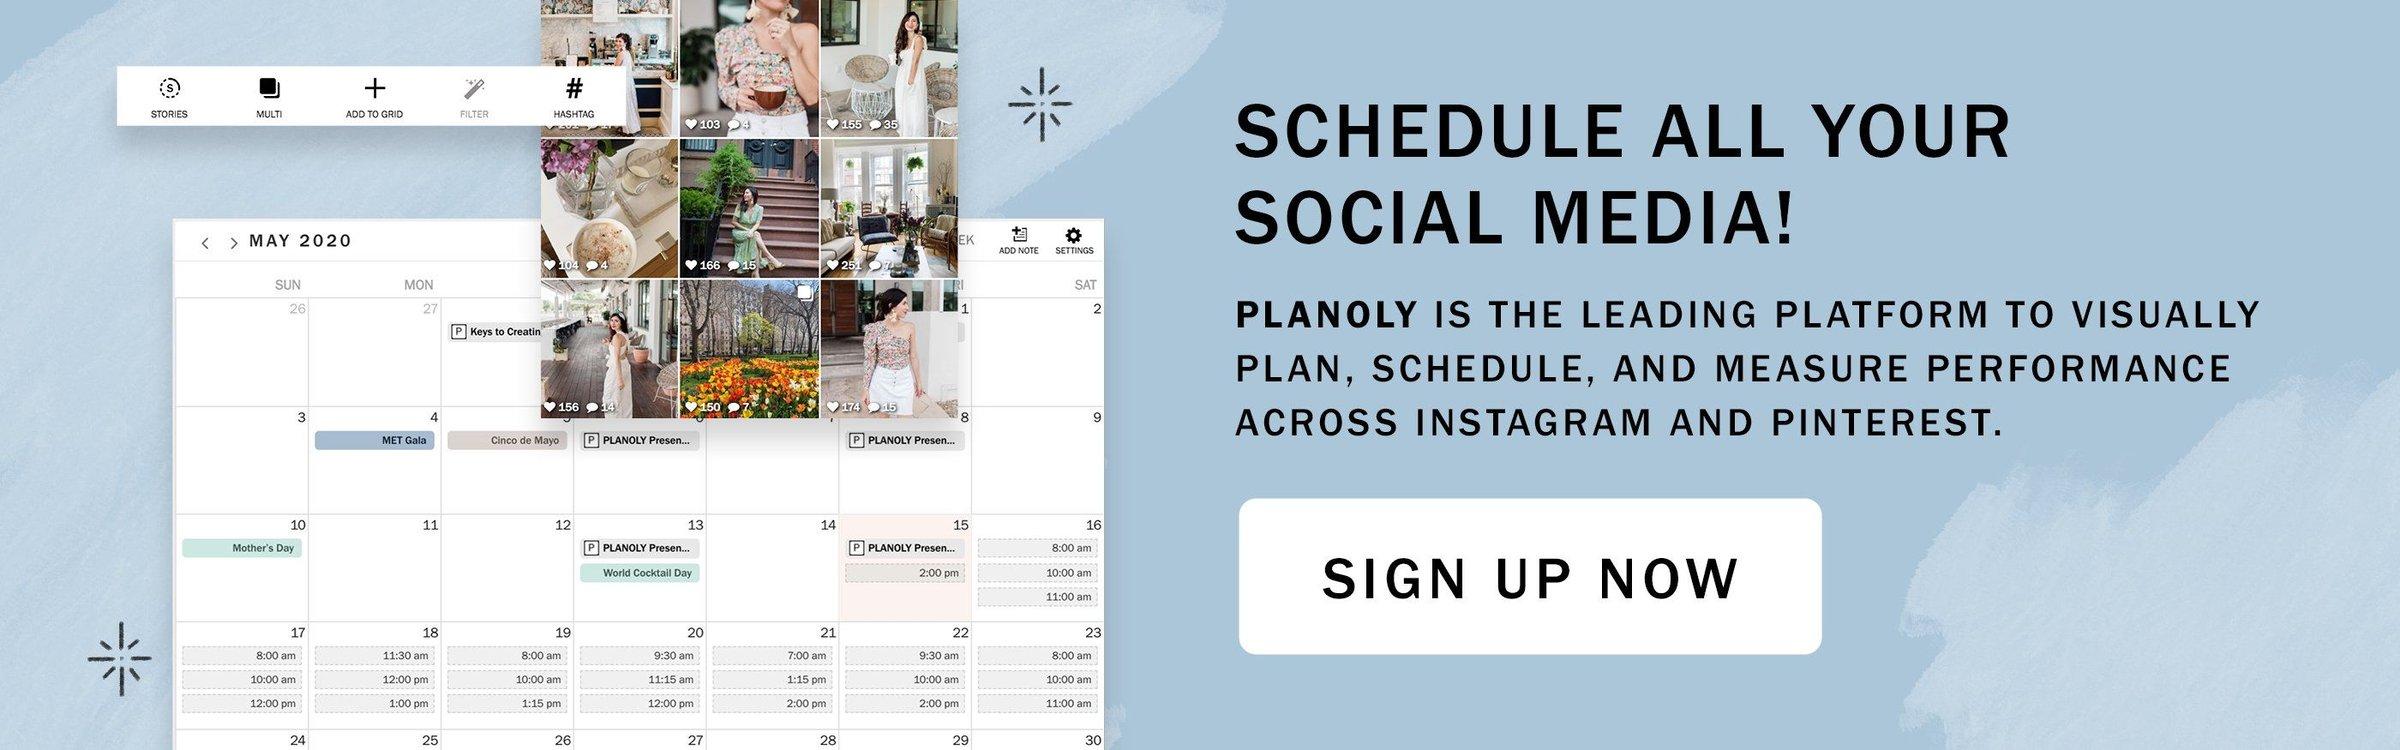 PLANOLY-Blog-Post-Social-Media-Stats-CTA-Image
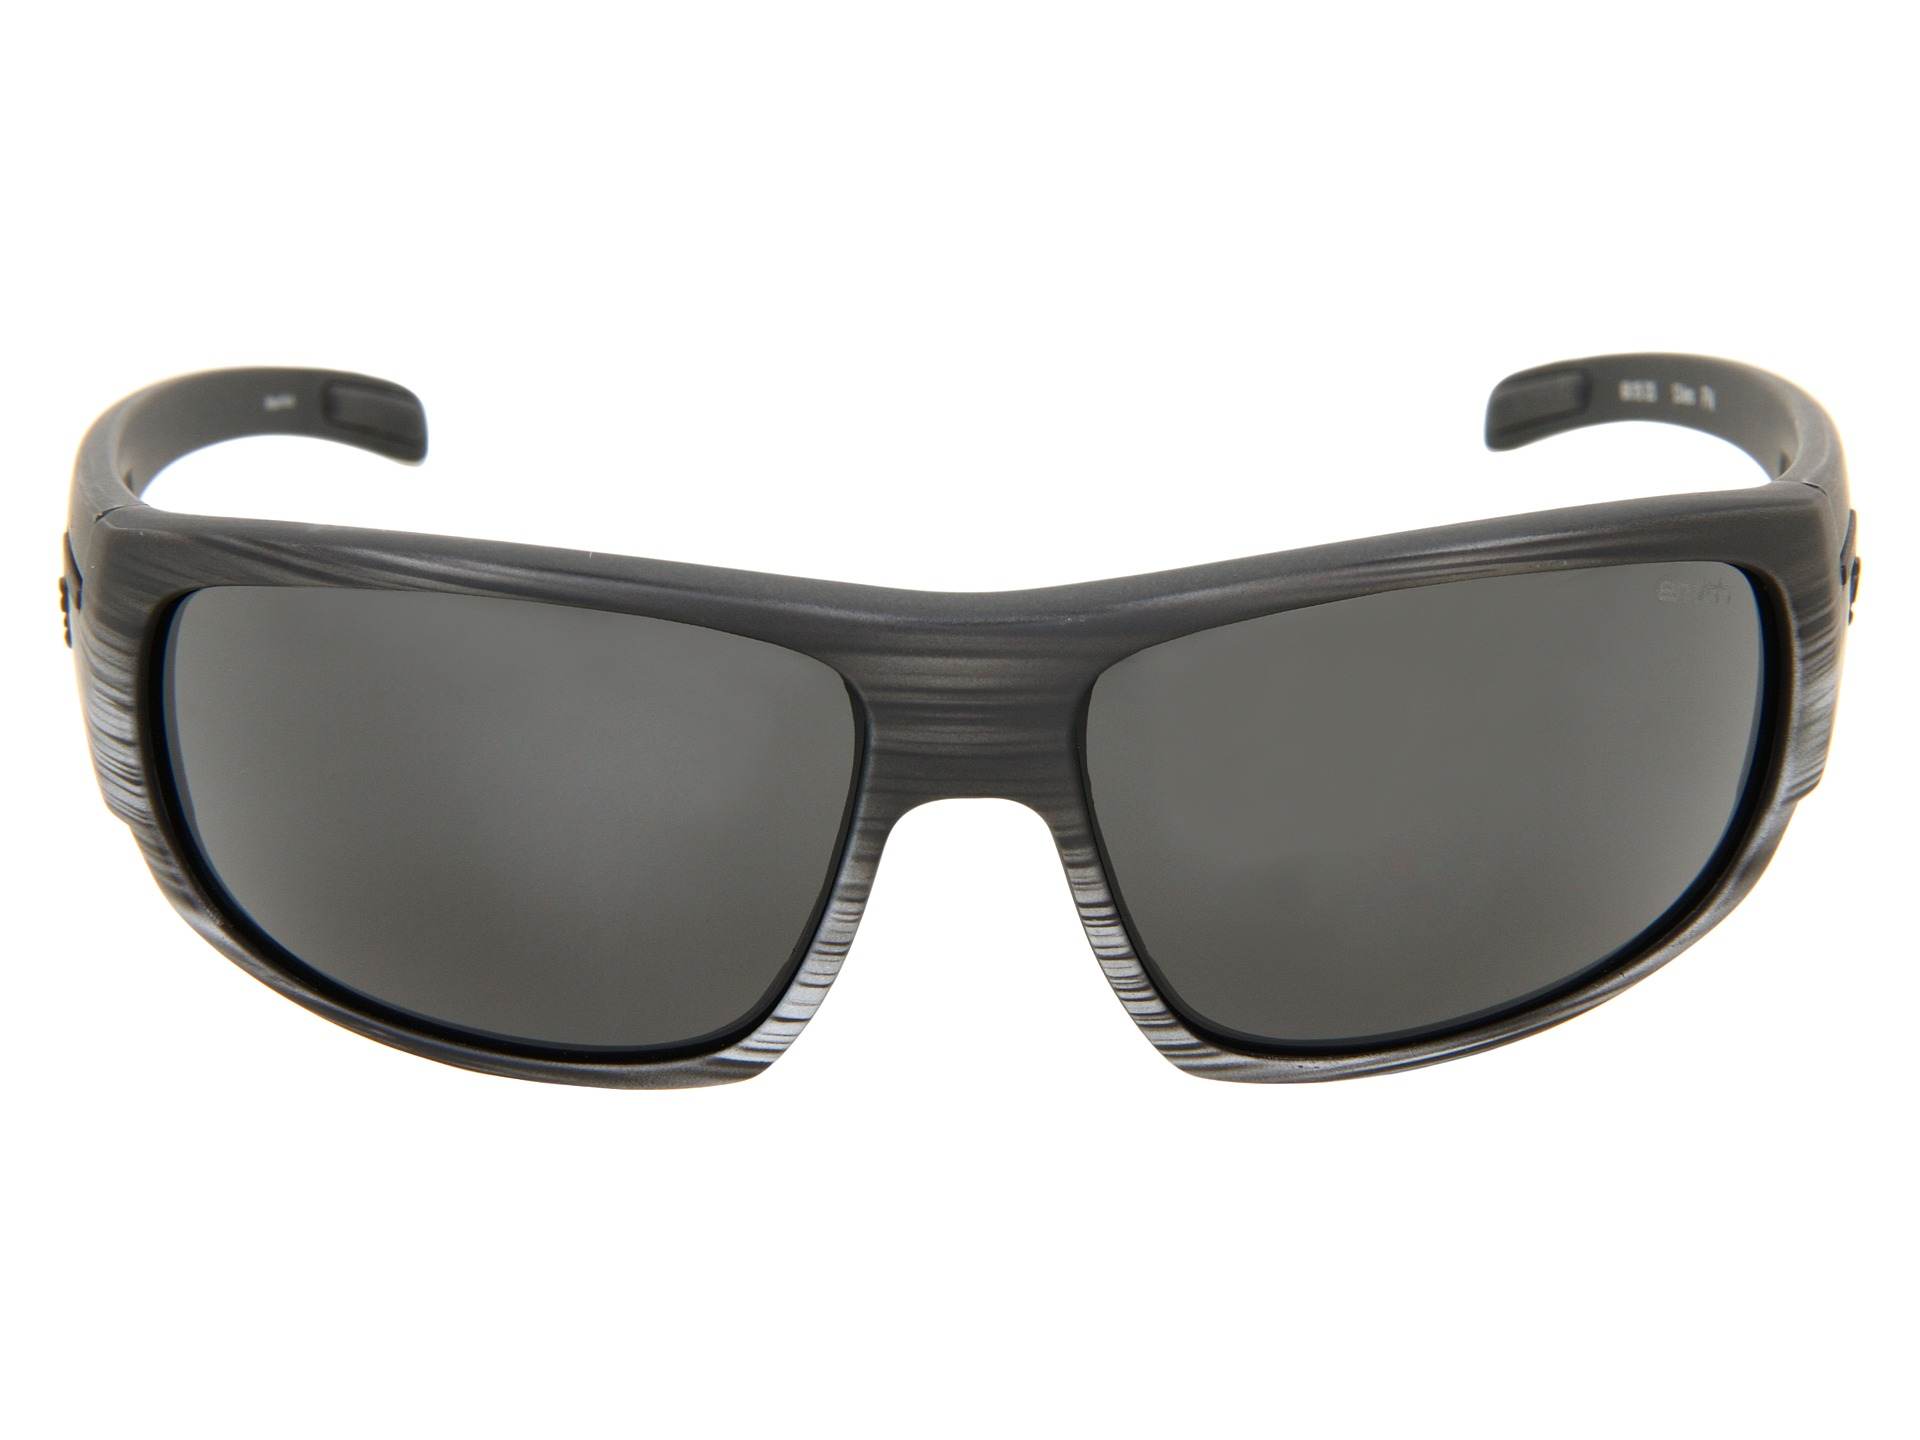 7674c09c5b Lyst - Smith Optics Terrace in Black
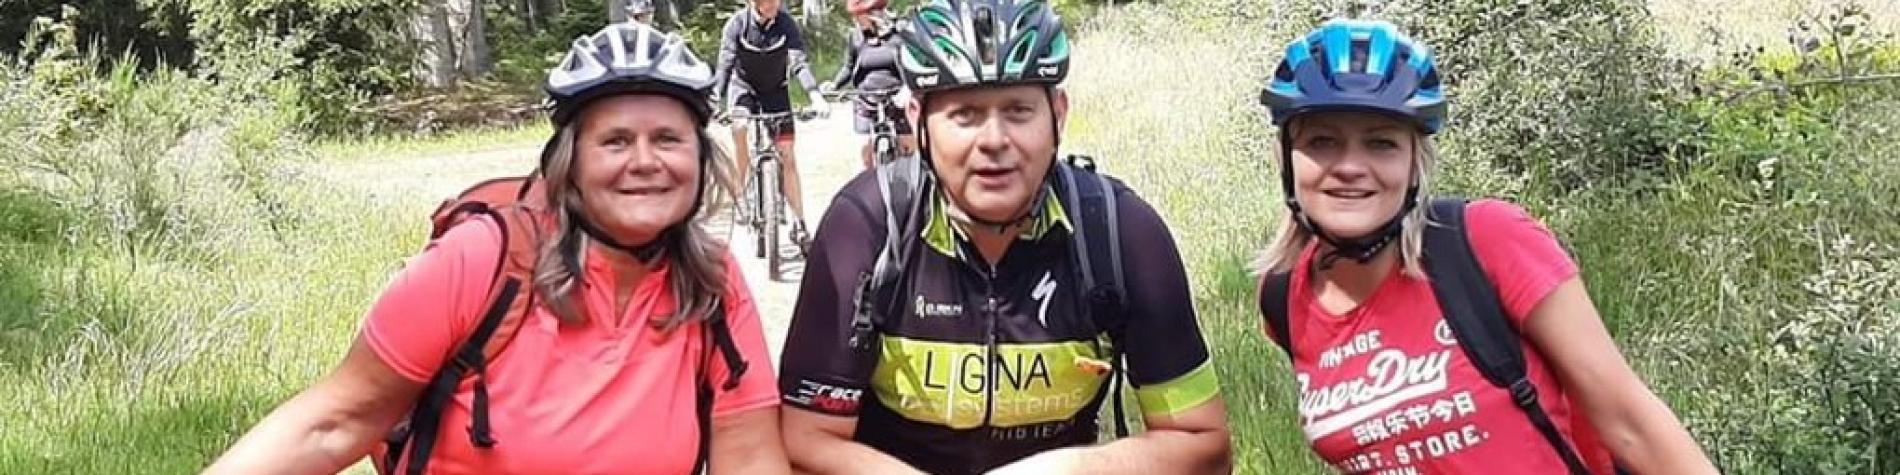 E-mountain bike - Malmedy

→ **WHAT YOU ARE ASKED TO DO**: Please return exactly the lines from the one containing "7674c09c5b Lyst - Smith" through the end of the material above, both ends included, but not the pictures.

→ **FINISHED EXERCISE**:
 7674c09c5b Lyst - Smith Optics Terrace in Black
 E-mountain bike - Malmedy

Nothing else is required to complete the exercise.